Because they have traditionally received a portion of Ohio’s gas tax revenues to fund the State Highway Patrol, the budget Department of Public Safety is typically handled within the Transportation bill. Some issues to watch in this term include:

Funding for the Highway Patrol. As gas tax revenues decline as prices go up and motorists consume less fuel, there has been added pressure to remove the Highway Patrol from the gas tax completely, freeing up these resources for highway construction.

In the 2010-2011 budget, the Strickland administration introduced a bill that would completely remove the Department of Public Safety from the state GRF and the gas tax, through a set of fee increases.
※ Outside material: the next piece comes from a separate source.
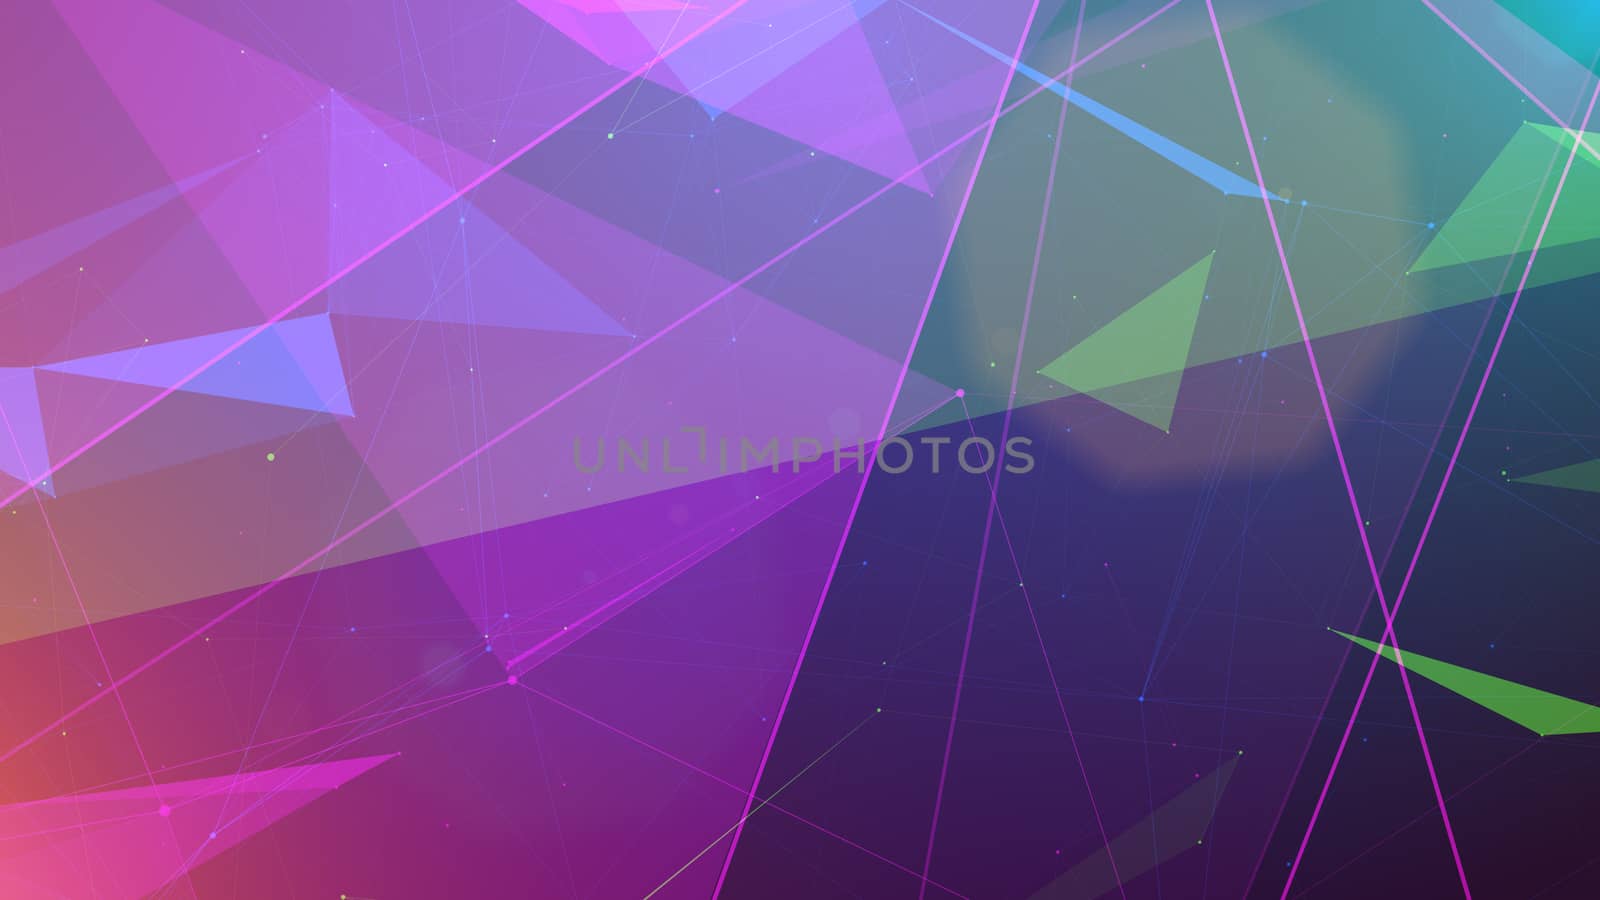 A striking 3d rendering of green and pink pyramid shapes covered with triangular surfaces shining enigmatically in the dark blue universe with star looking dots.

The GOP-controlled Senate balked at increases in the cost of registering motor vehicles in the State, instead pushing for more “avoidable” fees such as a $20 late fee on registrations and license renewals. In addition to the increased late fees, a tax credit for Petroleum Dealers was scaled back to provide the remainder of the patrol’s funding.

The late fees have proven hugely unpopular and legislators have vowed to eliminate them to spare themselves the wrath of angry constituents. What will replace them? Will the Patrol return to the gas tax, will other offsetting fees be increased, or will the  Petroleum Dealers finally lose the remainder of the tax credit they receive for filing their state tax returns in a timely fashion?

The Department of Public Safety has also identified a shortfall in funding for the Highway Patrol’s Security and Investigation fund, which provides security for the Governor and other dignitaries, and proposed in November to increase fines from traffic violations by $5 to fund the program.